Digestive enzymes used in phagocytosis operate in the acidic environment of mature phagosomes, which are acidified by the action of the transmembrane proton pumps V-ATPases and V-PPases [69]. Although both types were found in C. burkhardae, the V-PPase (vacuolar pyrophosphatase) exhibited a higher expression, being the fifth most highly expressed gene in the exponential state. So, this proton pump seems to be responsible for phagosome acidification in this species. In a recent experiment we identified a high expression of rhodopsin in the uncultured MAST-4 heterotrophic flagellate [70], and hypothesized that the coding protein acted as a light-driven proton pump that contributed to phagosome acidification. Even though rhodopsin genes were found in the C. burkhardae transcriptome, they were never highly expressed. This may explain why this species is not restricted to photic waters.

Finally, two of the highly expressed genes in the exponential phase were peroxidases.
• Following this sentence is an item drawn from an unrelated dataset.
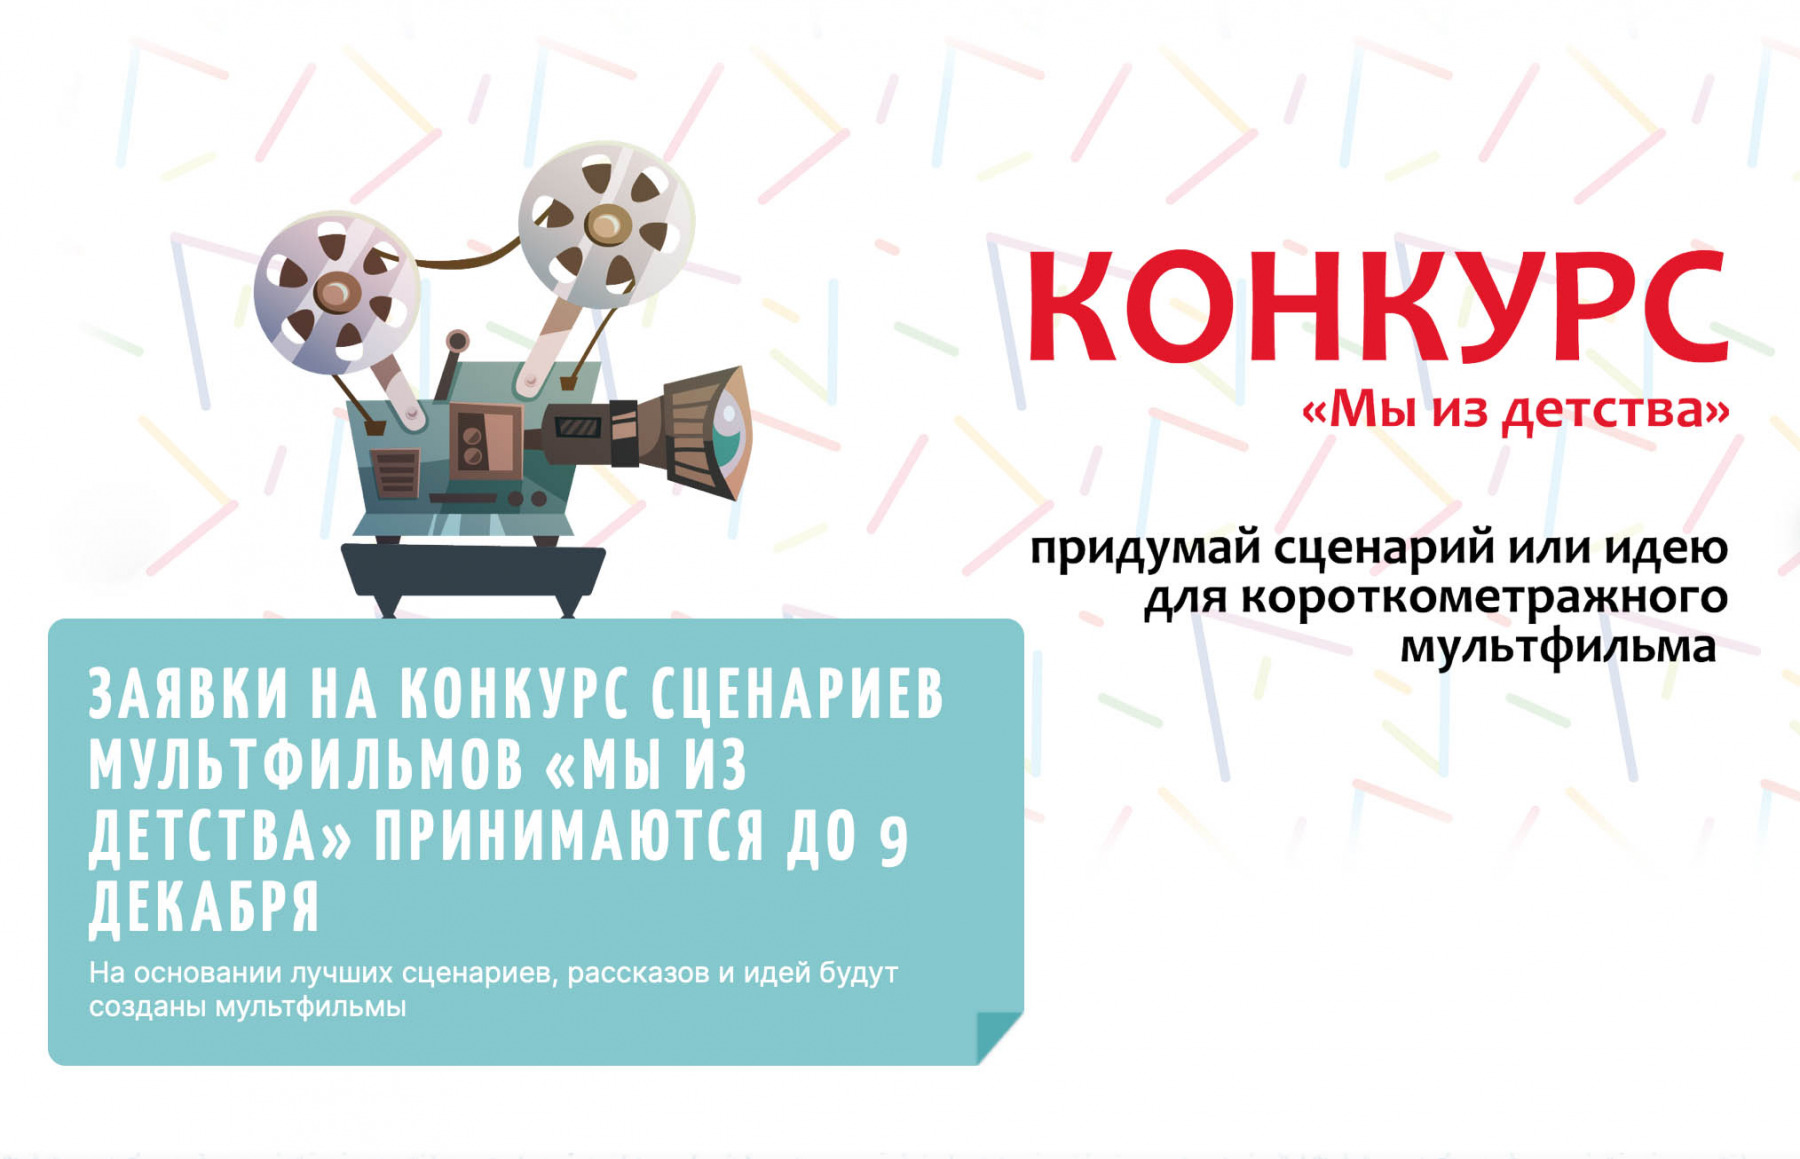 Кузбассовцы приглашаются к участию в конкурсе сценариев мультфильмов «Мы из детства»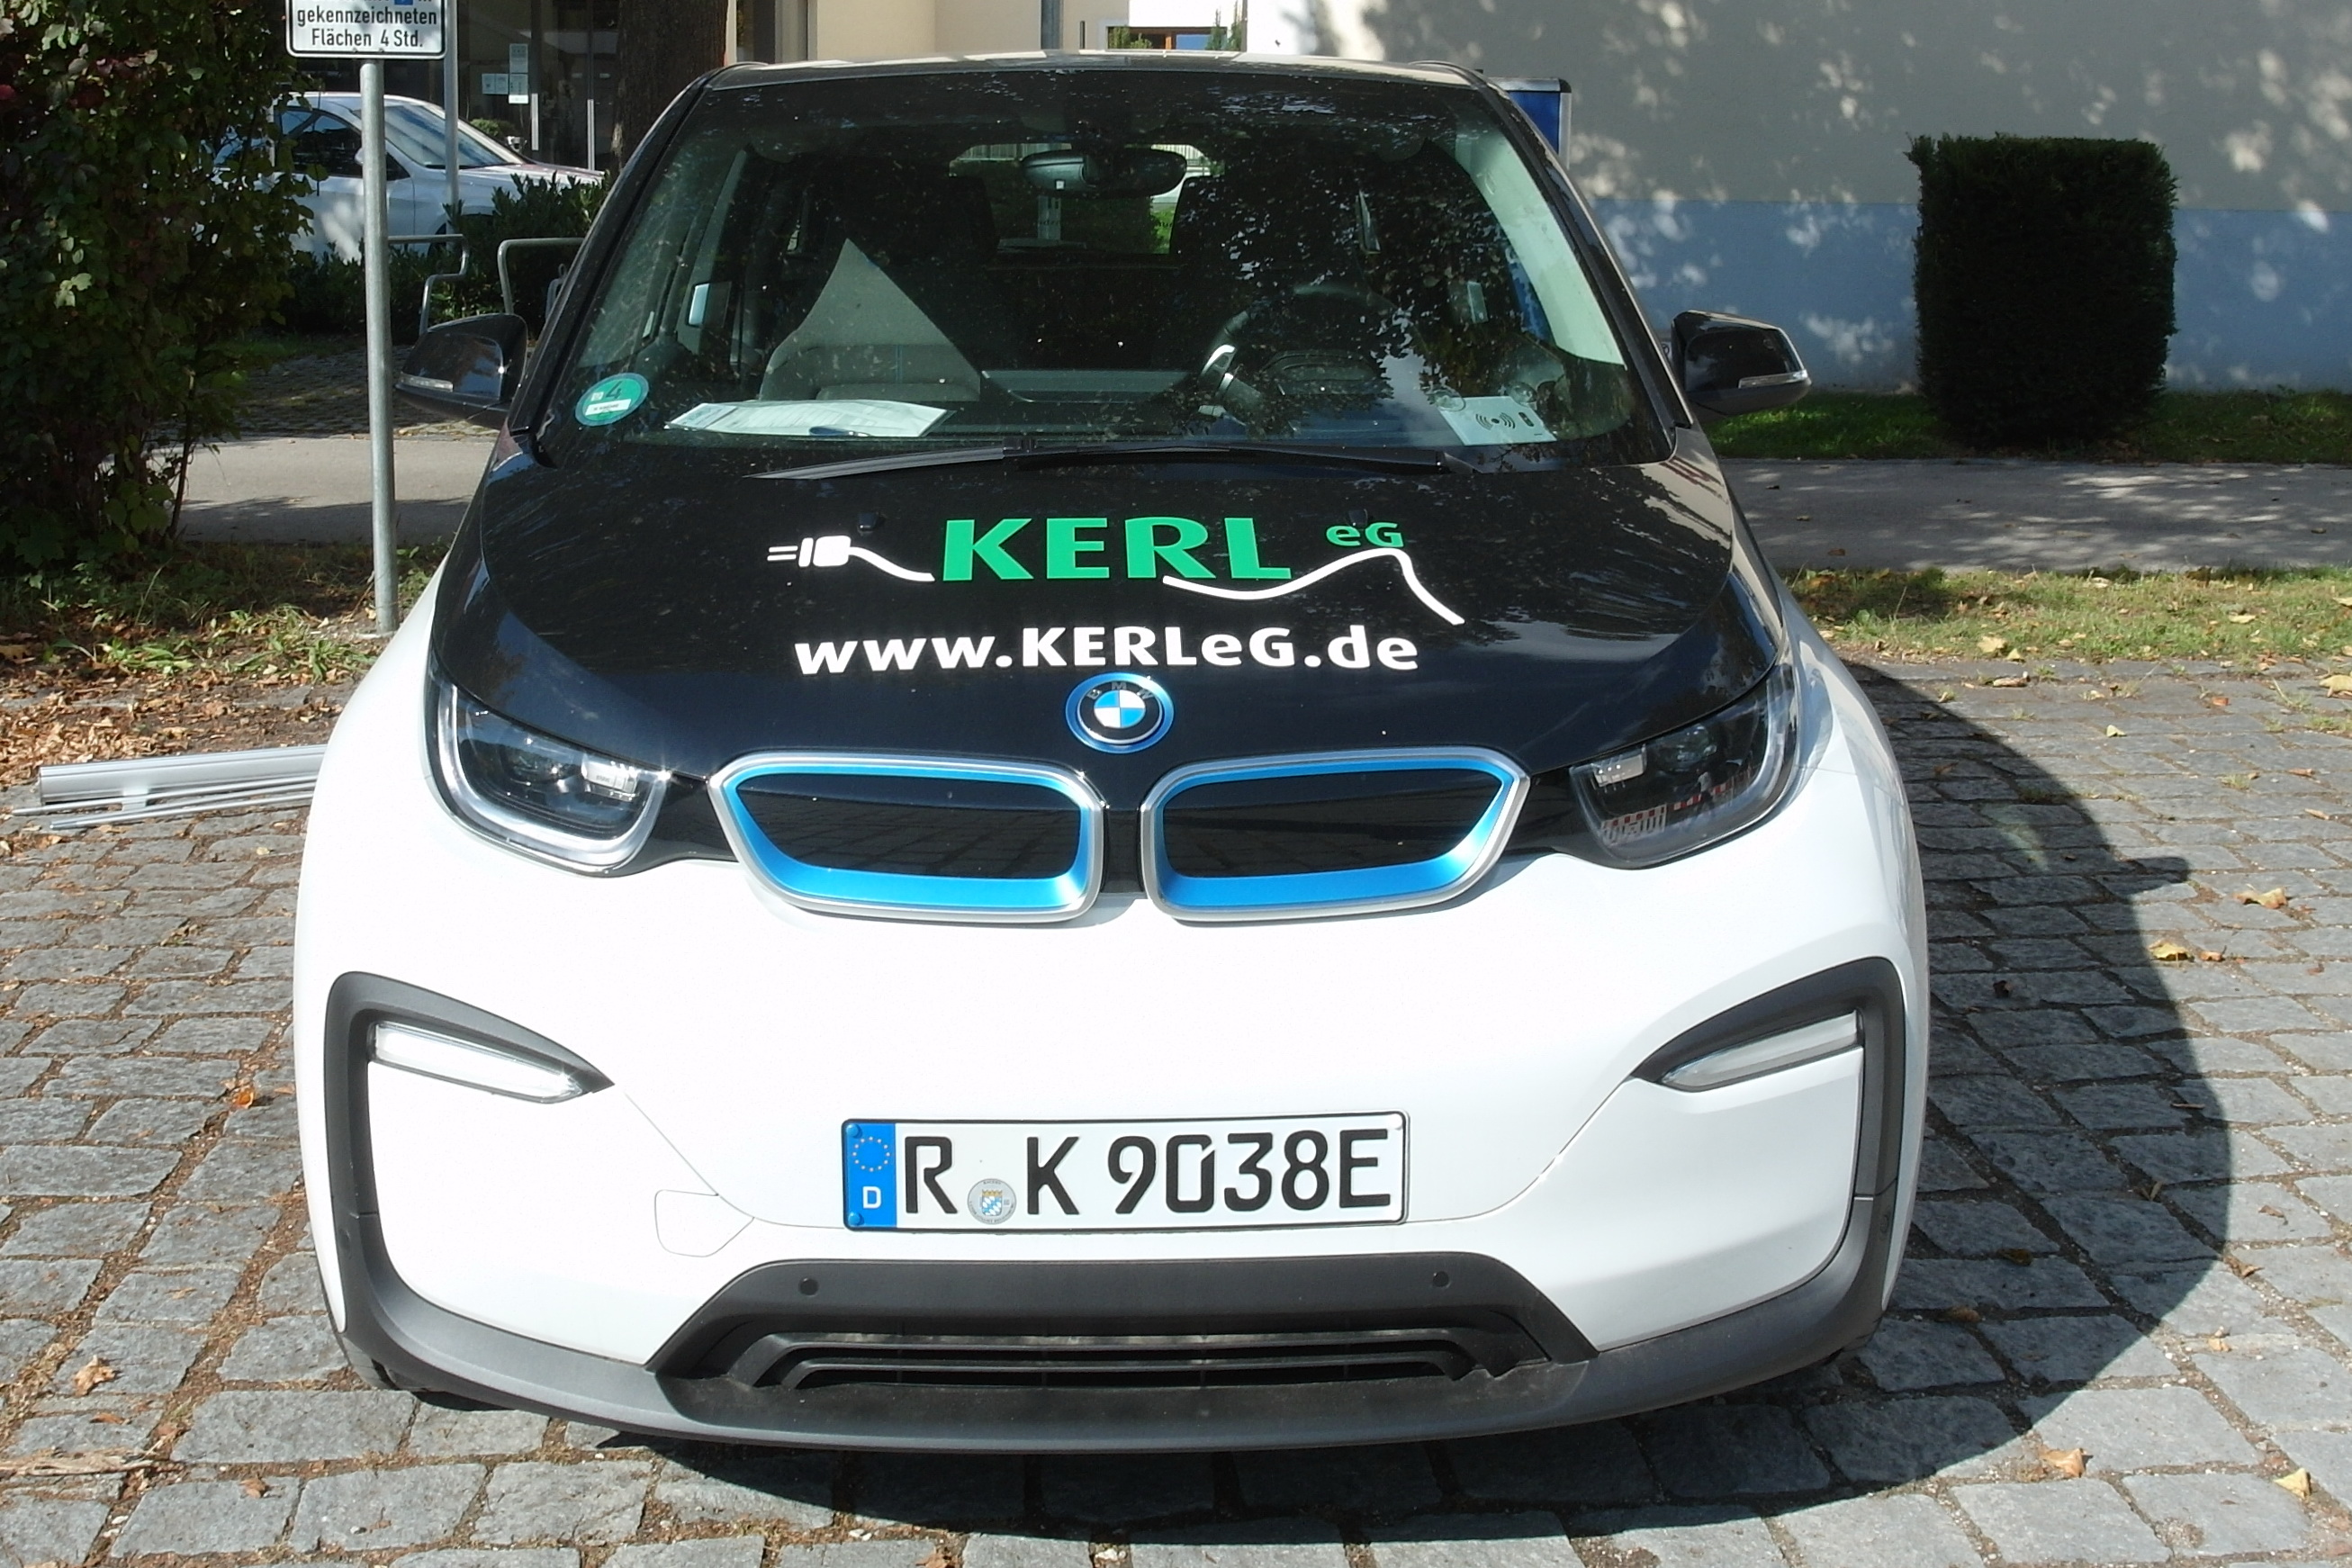 Der BMWi3 ist in Donaustauf stationiert und gehört zur E-Auto-Flotte der KERL eG.

The canonical function of these enzymes is to detoxify deleterious reactive oxygen species (ROS). In the reverse action, peroxidases can produce ROS radicals, which in phagocytes of the animal immune system participate in killing pathogens [71]. In free-living protists that use phagocytosis for nutrition, such as the amoebozoan Dictyostelium, the involvement of ROS radicals in prey processing has not been demonstrated [18], but our data suggest they may possibly play a role in prey digestion, although this is currently speculative.

Concluding remarks

Functional and genomic analyses with marine bacterivorous heterotrophic flagellates have been limited by the lack of appropriate model species. Using molecular diversity surveys, we show that the well-known cultured species C. burkhardae is widespread in the ocean and seems to be an opportunistic species that grows fast in patches of high bacterial density and becomes a good survivor in the diluted surrounding seawater. In batch cultures, C. burkhardae presents marked changes in gene expression when actively growing and when starving, and we identified promising gene sets specific for each state. Whether or not these match with the genetic machinery at play in natural communities, where this species faces complex biotic and abiotic interactions, remains an open question. Among the most interesting genes during active grazing are those related to phagocytosis, such as digestive enzymes, proton pumps, and perhaps peroxidases. Future studies with other cultured heterotrophic flagellates, or even more interestingly with natural or manipulated assemblages [70], will be necessary to evaluate if these genes are functionally relevant in other species as well, in which case they will represent promising markers to study bacterivory in the oceans.